• [What you will do]
Pictures stay out of the copy; set down each line of the listing below exactly.

• [Data below]

┌──

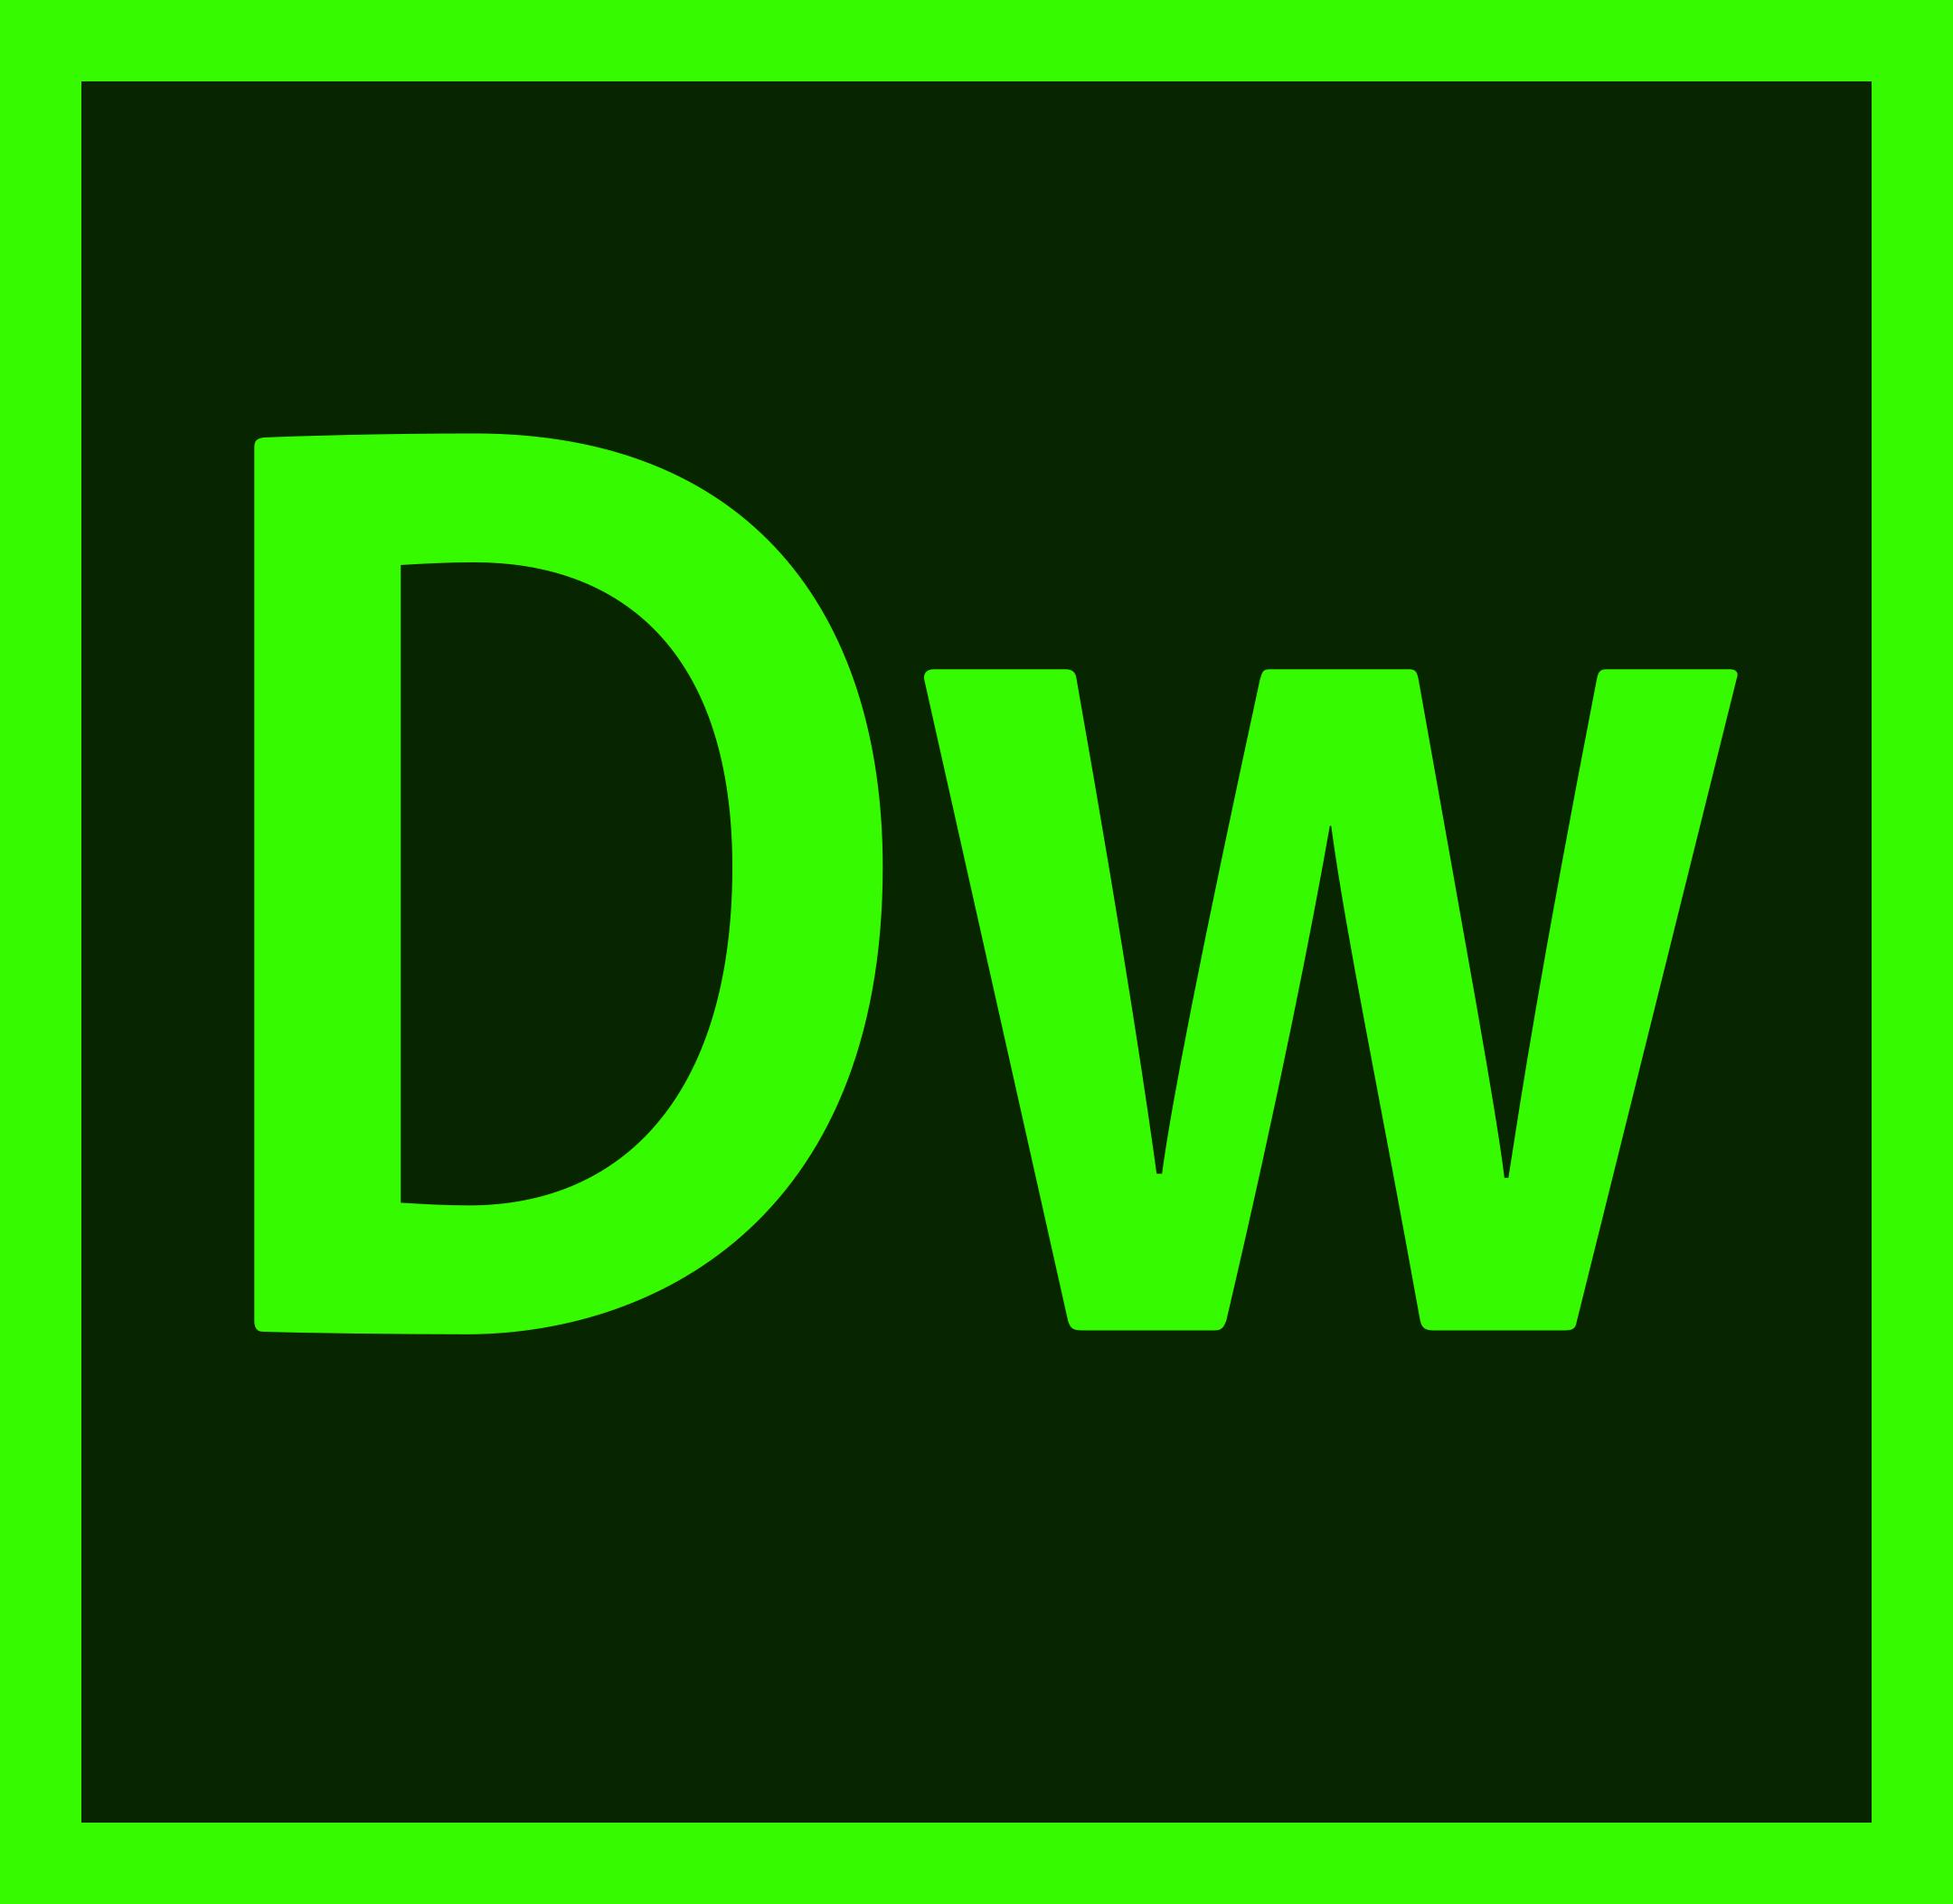 adobe dreamweaver logo 1 - Adobe Dreamweaver Logo
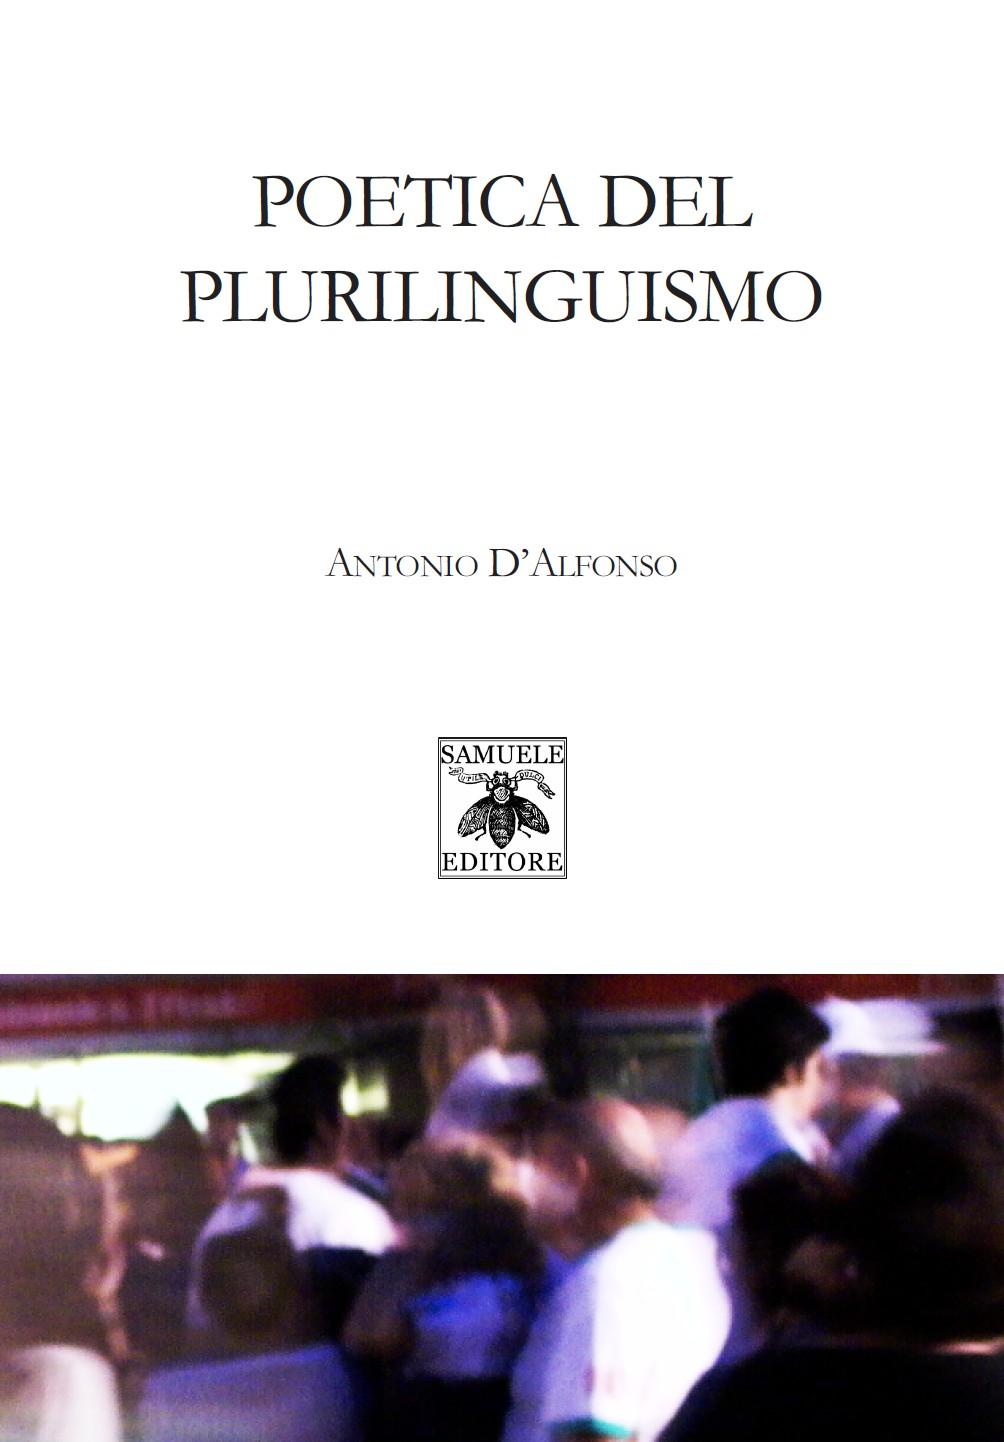 Poetica del plurilinguismo
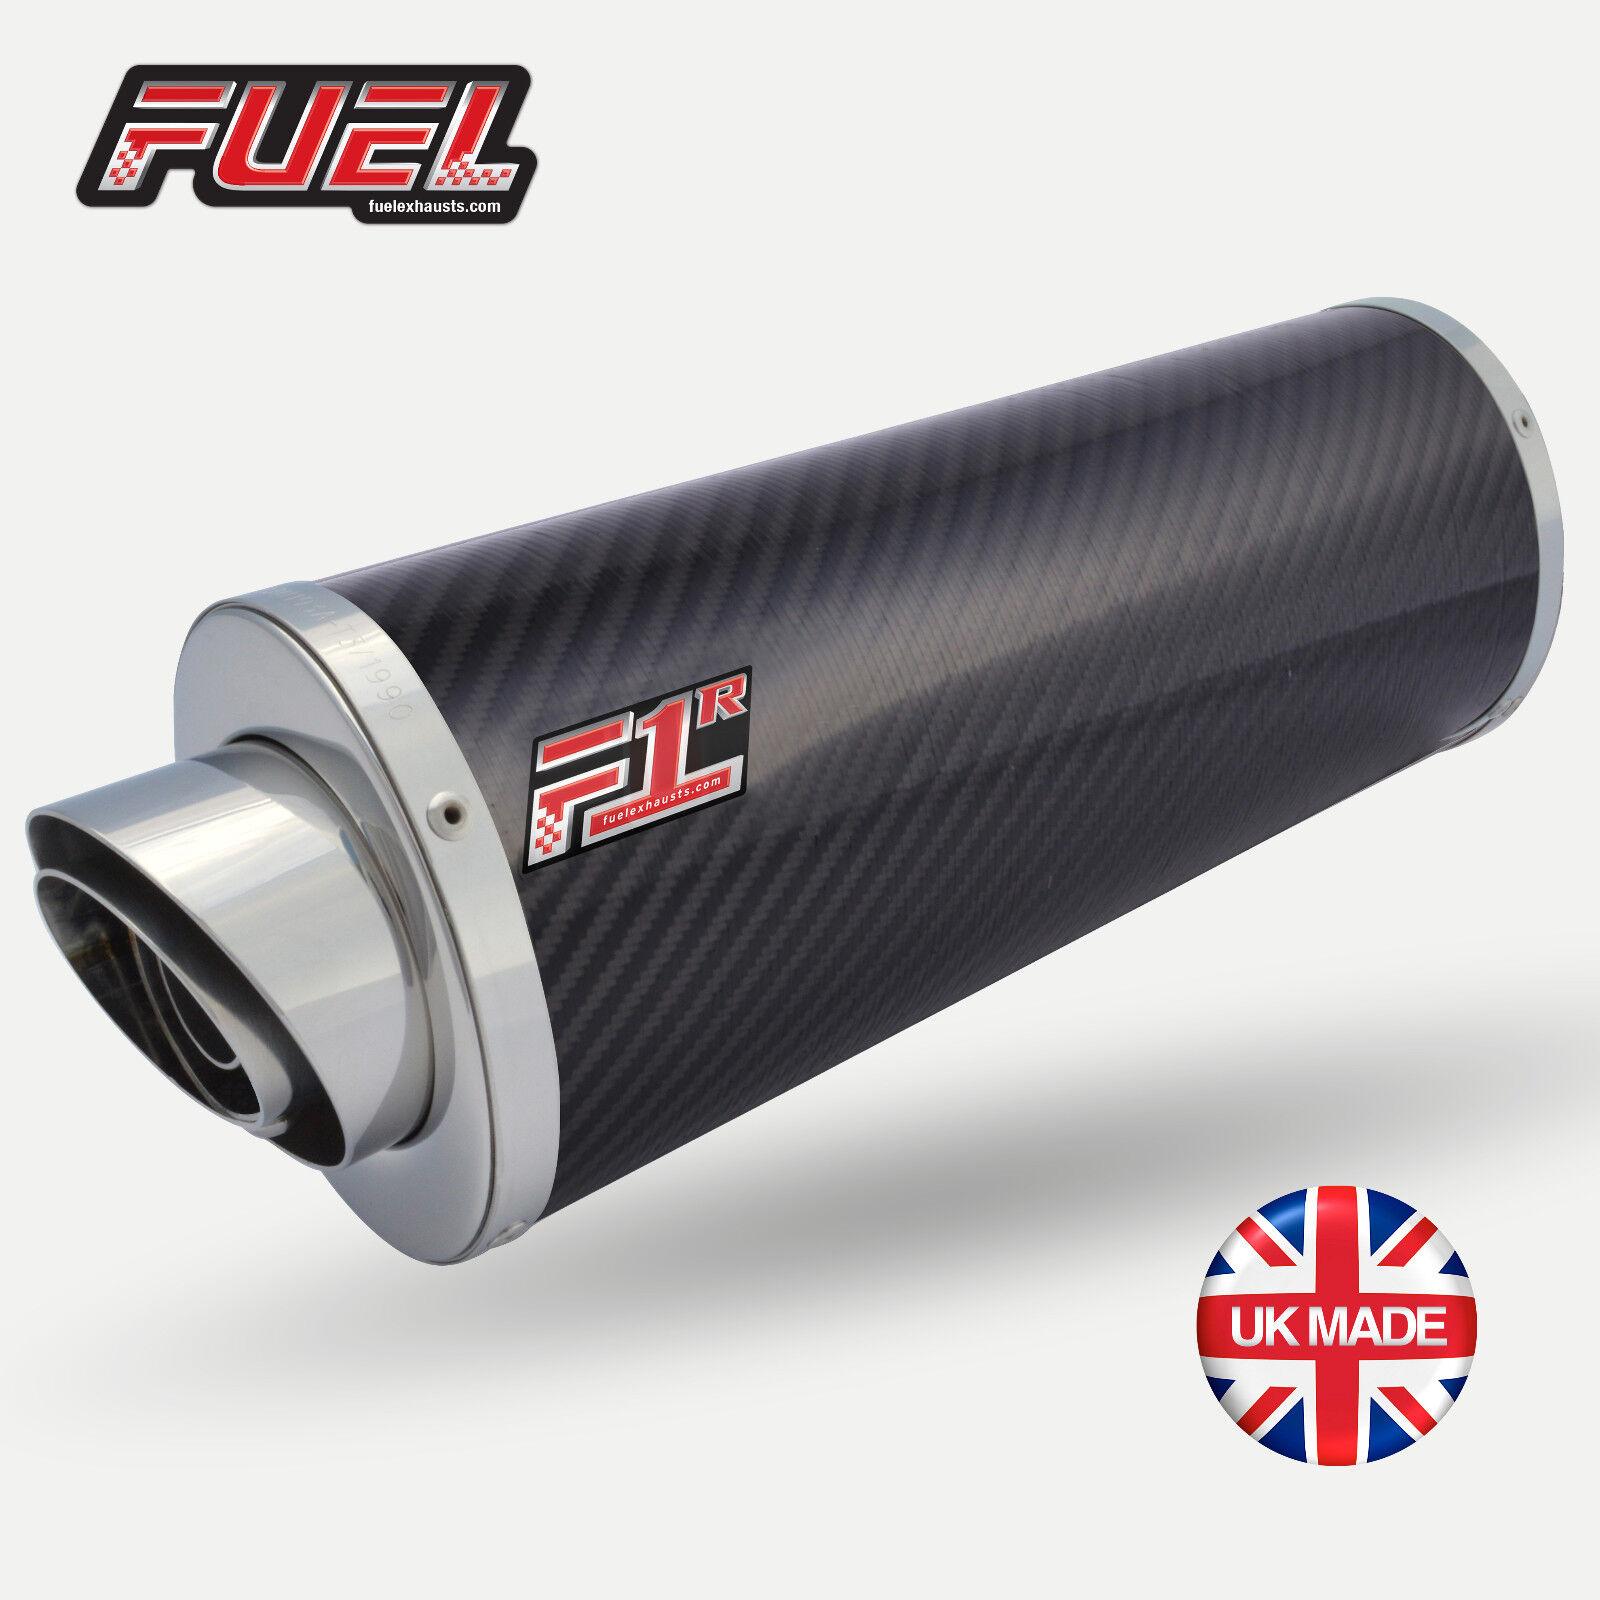 NC750 S X 14-15 F1R Road Karbon Oval Mikromini UK UK UK Legaler Straßenauspuff + 8ee3e8

└──

• [Solution]
 adobe dreamweaver logo 1 - Adobe Dreamweaver Logo
 Poetica del plurilinguismo
 NC750 S X 14-15 F1R Road Karbon Oval Mikromini UK UK UK Legaler Straßenauspuff + 8ee3e8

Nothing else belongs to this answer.